Collected material =>
▼

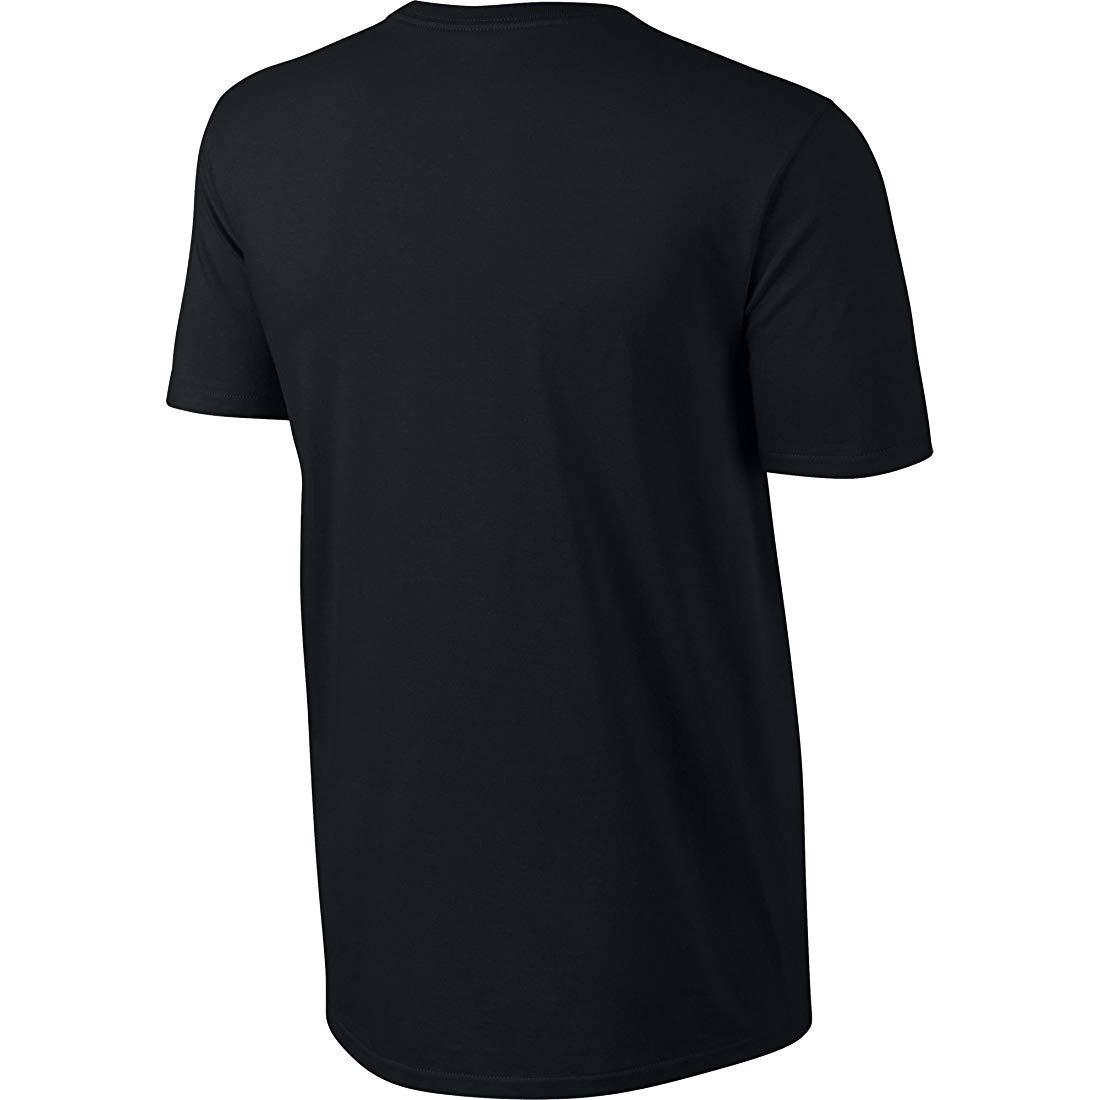 d4b8c8f17c Camiseta Deportiva Nike Para Hombres Just Do It Swoosh
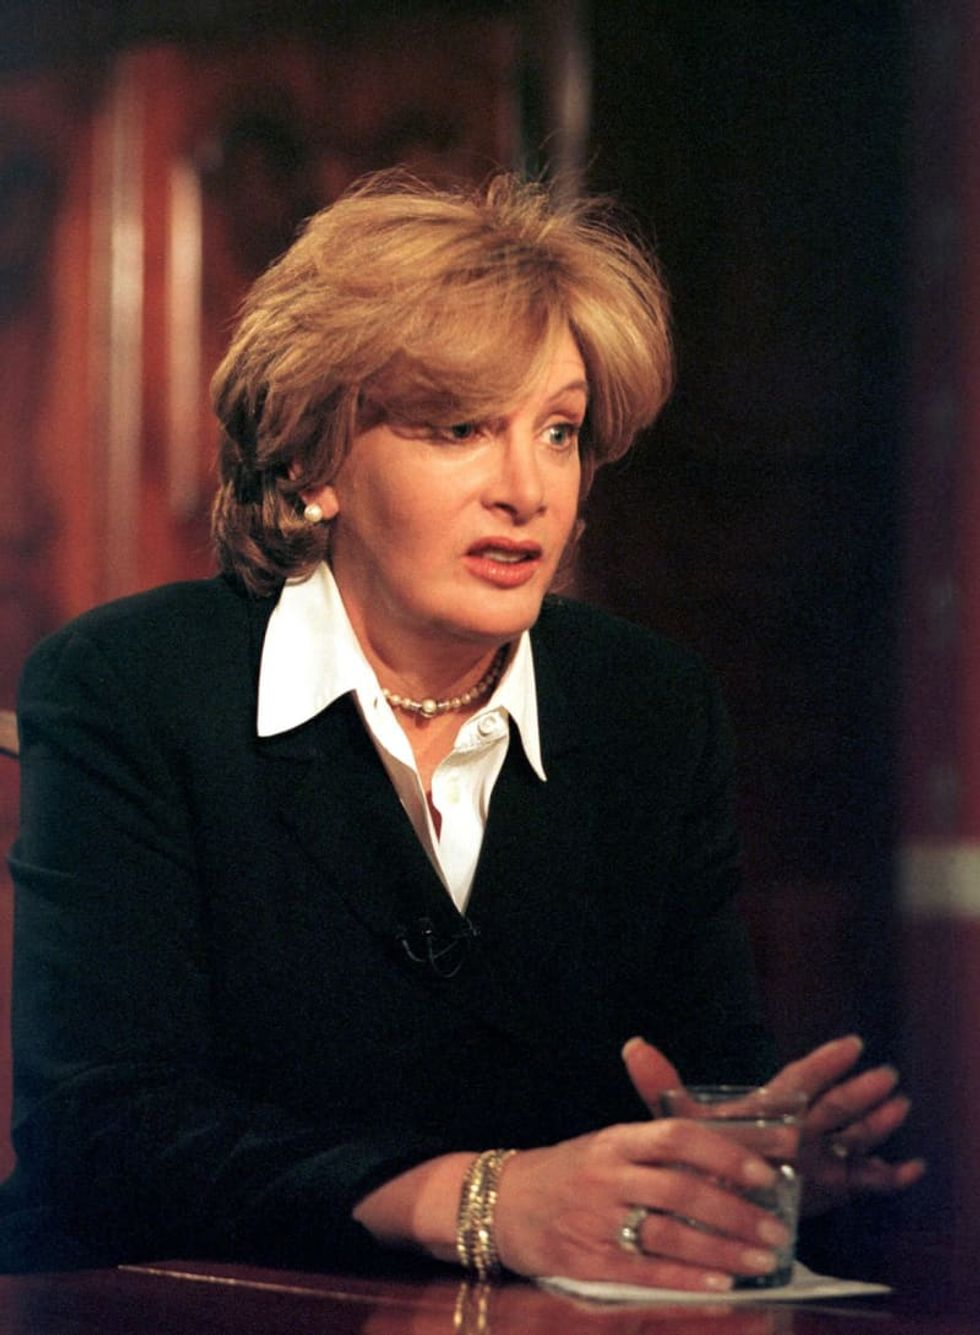 Linda Tripp, central figure in Bill Clinton's impeachment, dies at 70
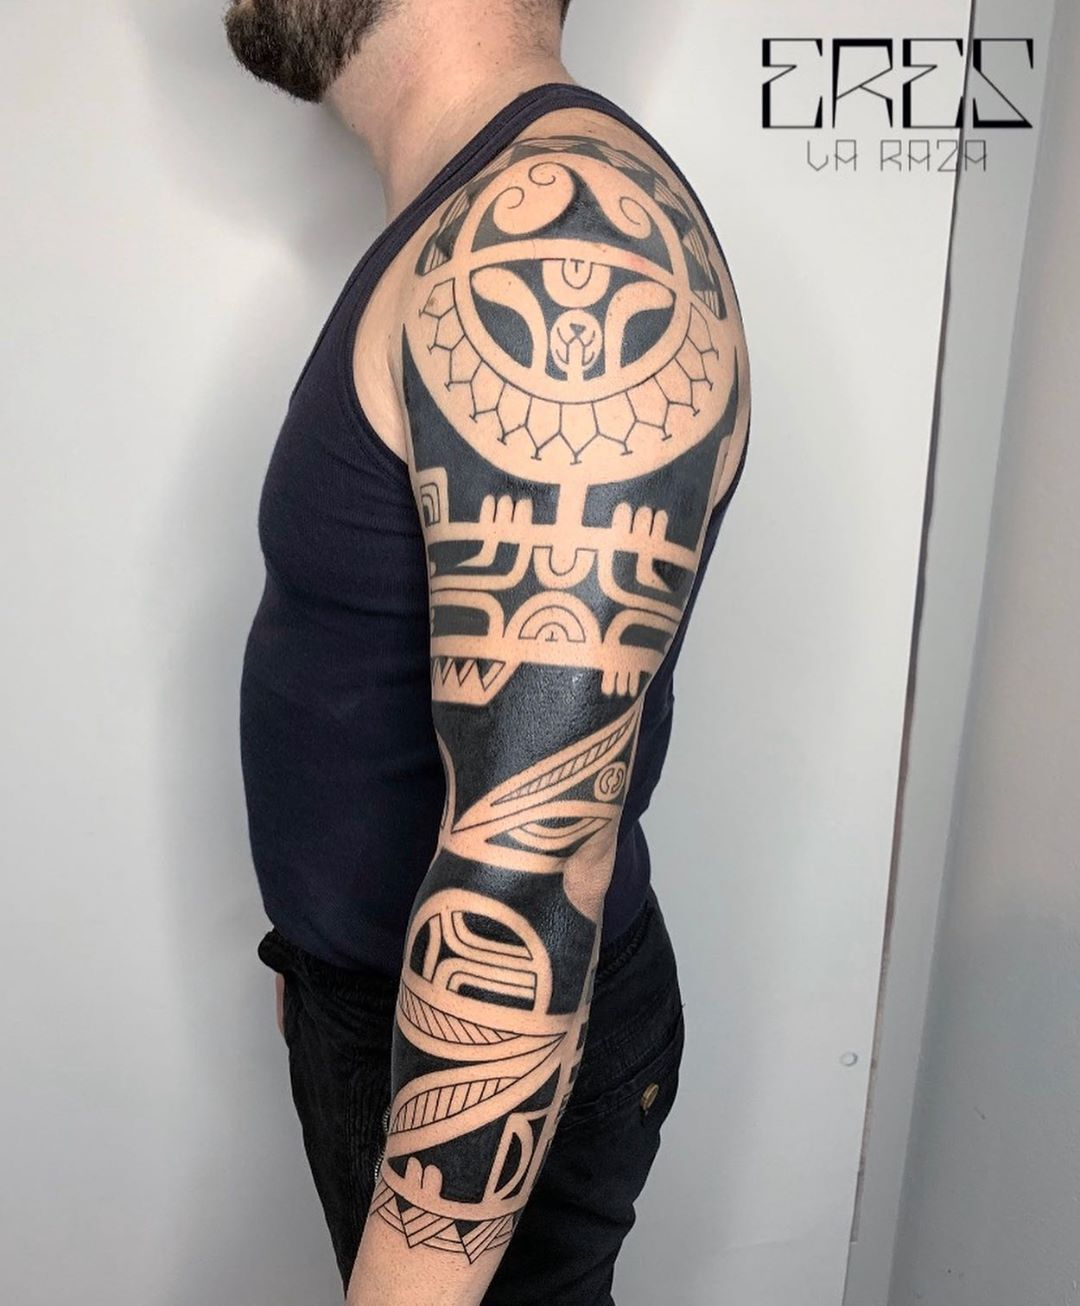 Inspired marquesan arm? Facebook: eres_la_raza_tattooerEmail::emanucnt@gmail.com#samoan tattoo #freehand #pacific #tattooculturemagazine #thebesttattooartists #inked #tattooworkers #tattoolife #tattoosocial #tattooartistmagazine #inkedmagazine #marquesantattoo #freehandtattoo #tribaltataucollective  #blacktattoo #tattoomagazine #freehandtattoo #pacifictattoo #tribaltattoo #tribal #tattoolife #ereslarazatattooer #tribaltattoos #samontattoo   Artist: @ereslarazatattooer

▲

Exercise description => Repeat the data above exactly, leaving out any pictures it holds.

Task answer =>
 d4b8c8f17c Camiseta Deportiva Nike Para Hombres Just Do It Swoosh
 Linda Tripp, central figure in Bill Clinton's impeachment, dies at 70
 Inspired marquesan arm? Facebook: eres_la_raza_tattooerEmail::emanucnt@gmail.com#samoan tattoo #freehand #pacific #tattooculturemagazine #thebesttattooartists #inked #tattooworkers #tattoolife #tattoosocial #tattooartistmagazine #inkedmagazine #marquesantattoo #freehandtattoo #tribaltataucollective  #blacktattoo #tattoomagazine #freehandtattoo #pacifictattoo #tribaltattoo #tribal #tattoolife #ereslarazatattooer #tribaltattoos #samontattoo   Artist: @ereslarazatattooer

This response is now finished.